— Да зови кого угодно! Я пришел за своим, и я его получу!

Сенатор с двумя подбородками кричал, взмахивая руками. Но второй стал его успокаивать и выводить.

— Не глупи, она пожалуется. Пойдем. Мы придумаем способ.

Дождавшись ухода «визитеров», Атилия распорядилась подать легкий обед.

— Сира, накрывайте в атриуме на троих. Секст, ты, конечно же, голоден? — то в ответ кивнул и слегка улыбнулся, — Тебя я также приглашаю отобедать с нами.

Юрист, к которому она обращалась, стал отвешивать благодарности. Он утверждал, что не голоден, и подобное не принято. Все это не особо убедило ее. Атилия не оставила возможности для его отказа.

День оказался таким же длинным и утомительным, как и предыдущий. Она помогала составить кучу документов и распоряжений. Нужны были доверенности на продажу того от чего она хотела избавиться. Секст наотрез отказался от своей доли. Ей пришлось его упрашивать. Наконец, убеждения юриста подействовали, и он согласился только на треть доходов поместья для содержания бабушки.

Стало вечереть, когда они закончили с делами.

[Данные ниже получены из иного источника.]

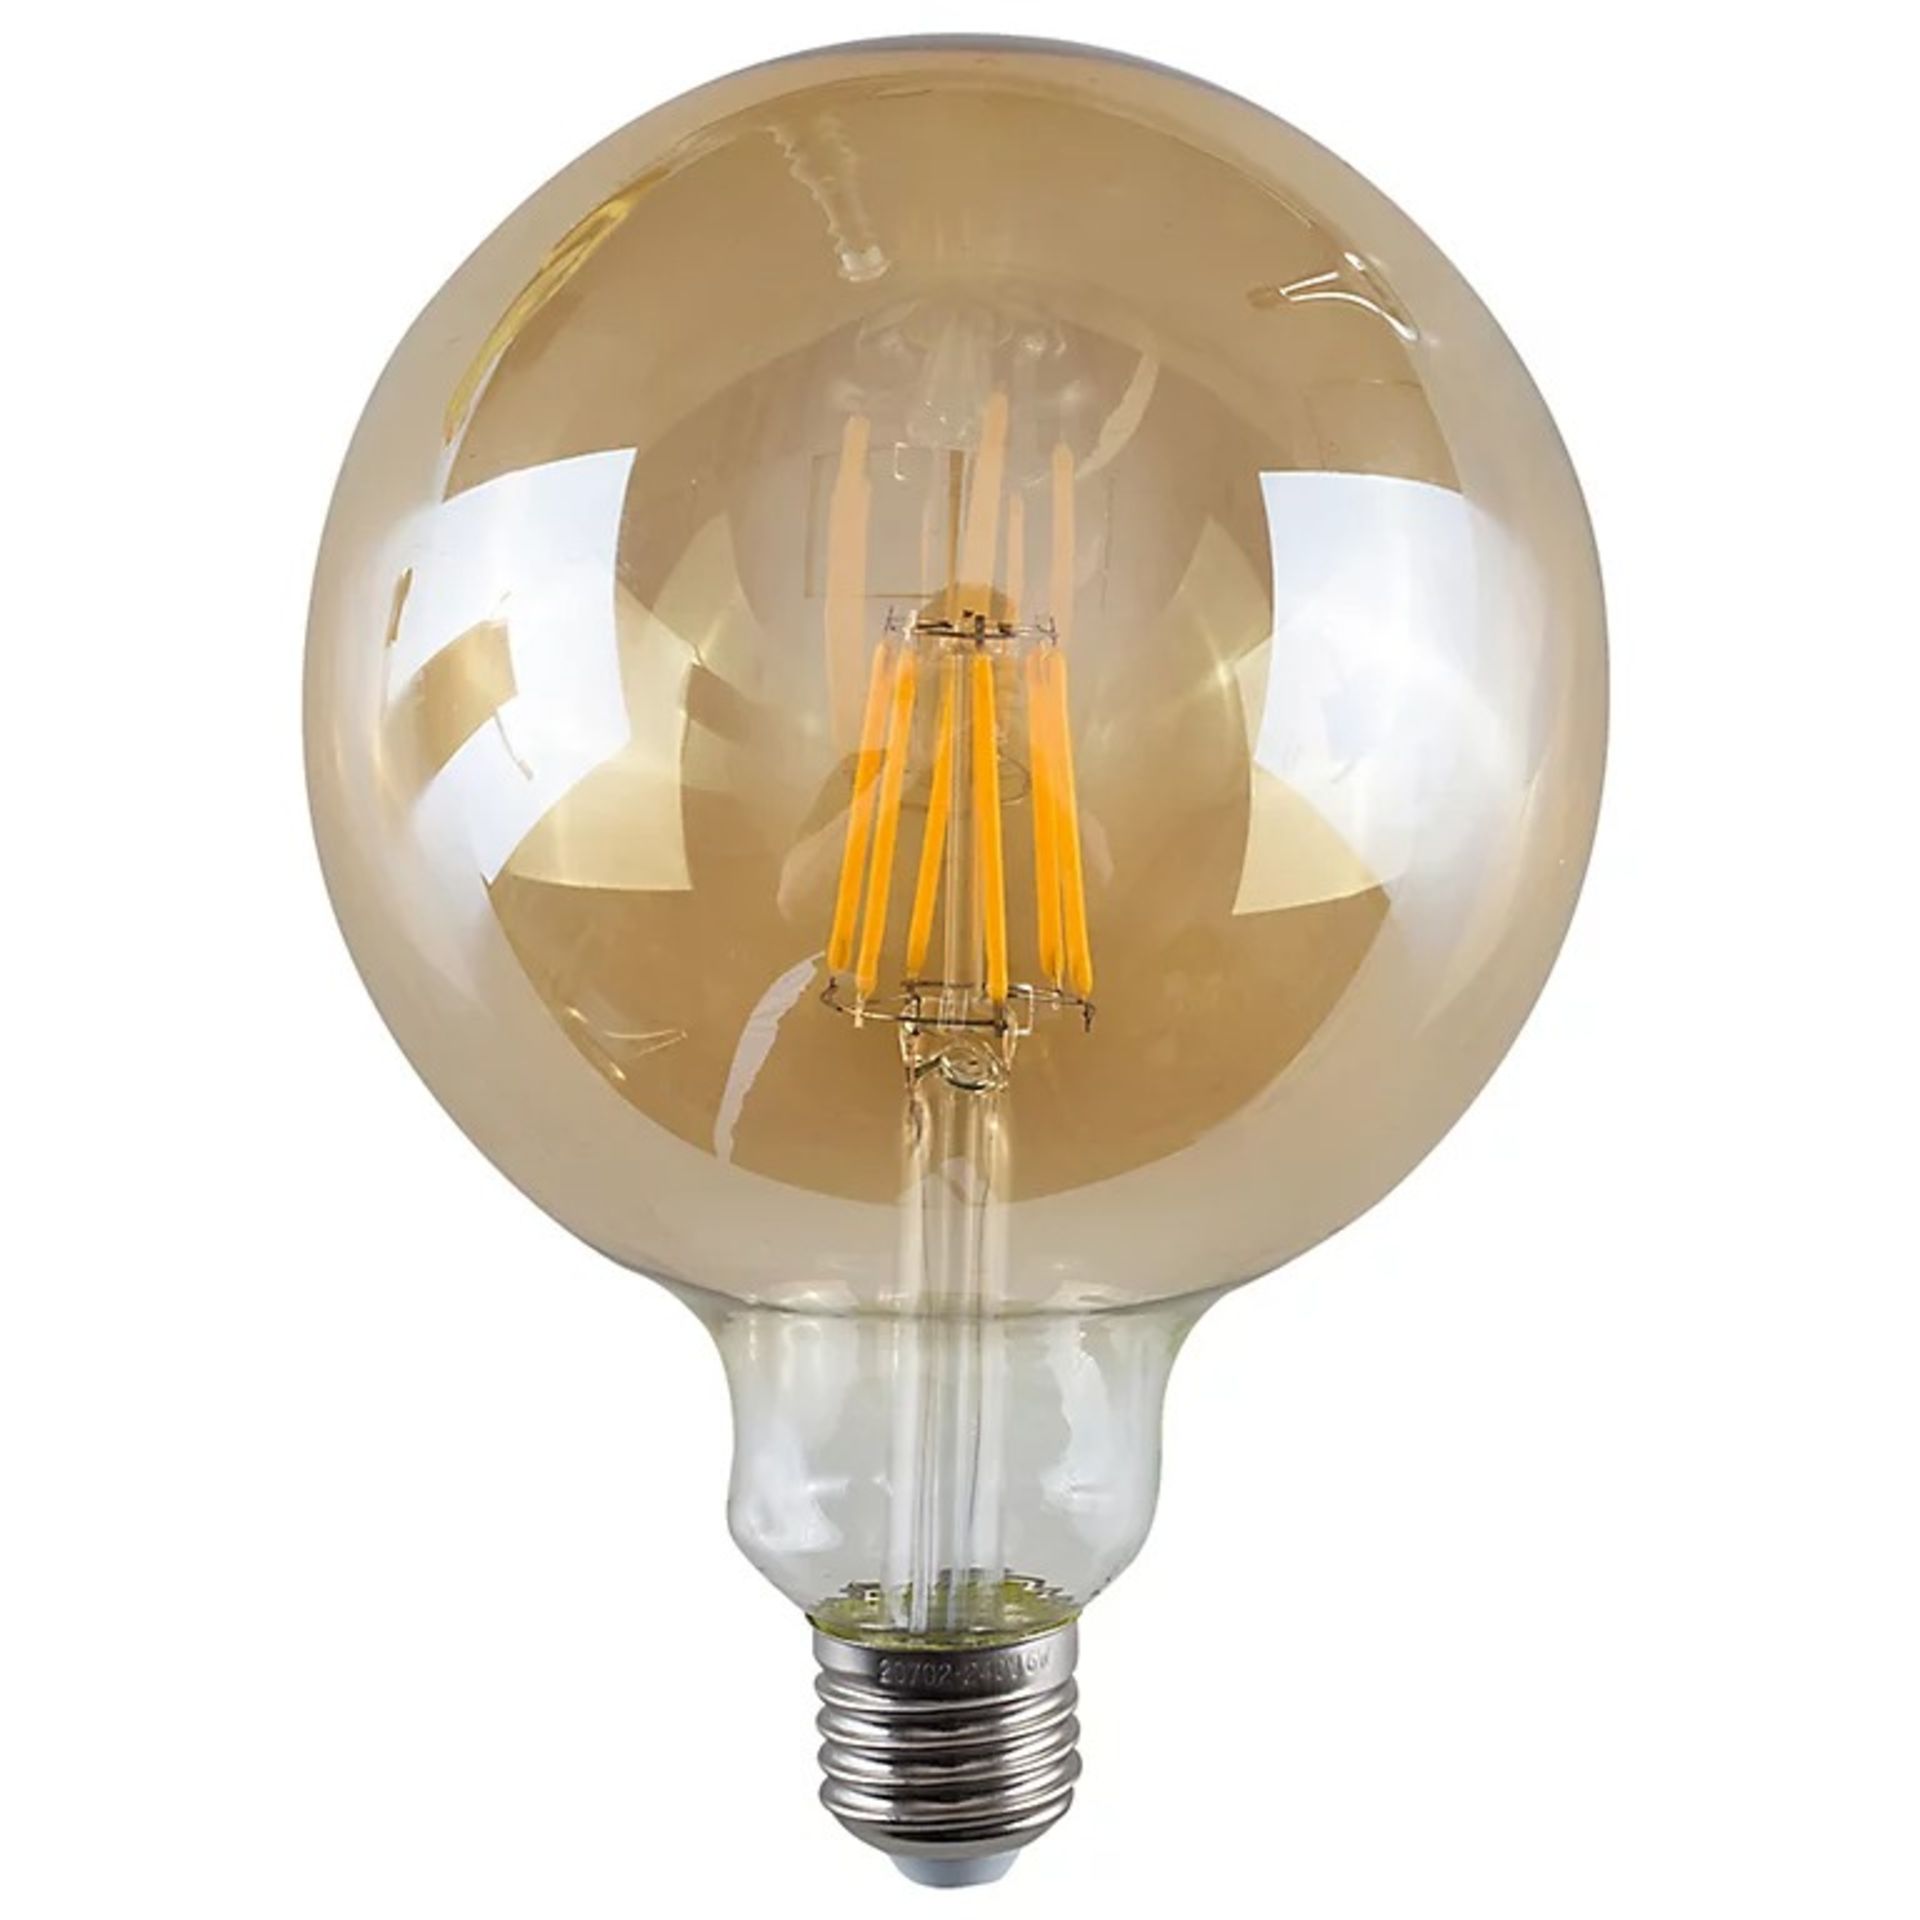 ValueLights Pack of 2 Retro Style 6w LED Filament ES E27 Giant Globe Amber Tinted Light Bulbs -

Поужинав и прочитав необходимую молитву для поминок Луция, Секст решил ехать на виллу.

— Ну, куда ты, уже темно? — пыталась его отговорить она.

— Это мне и нужно. Я хочу попрощаться со своими сослуживцами. Днем они спят после дежурства. А так я их найду на своих постах. Возьму лошадь, верну ее потом с посыльным.

— Я принесу жертву Юпитеру, большого белого барашка. За то, что он послал тебя мне в помощь. И такого же, для Юноны — чтобы оберегала тебя. Надеюсь, мы еще когда-нибудь увидимся с тобой.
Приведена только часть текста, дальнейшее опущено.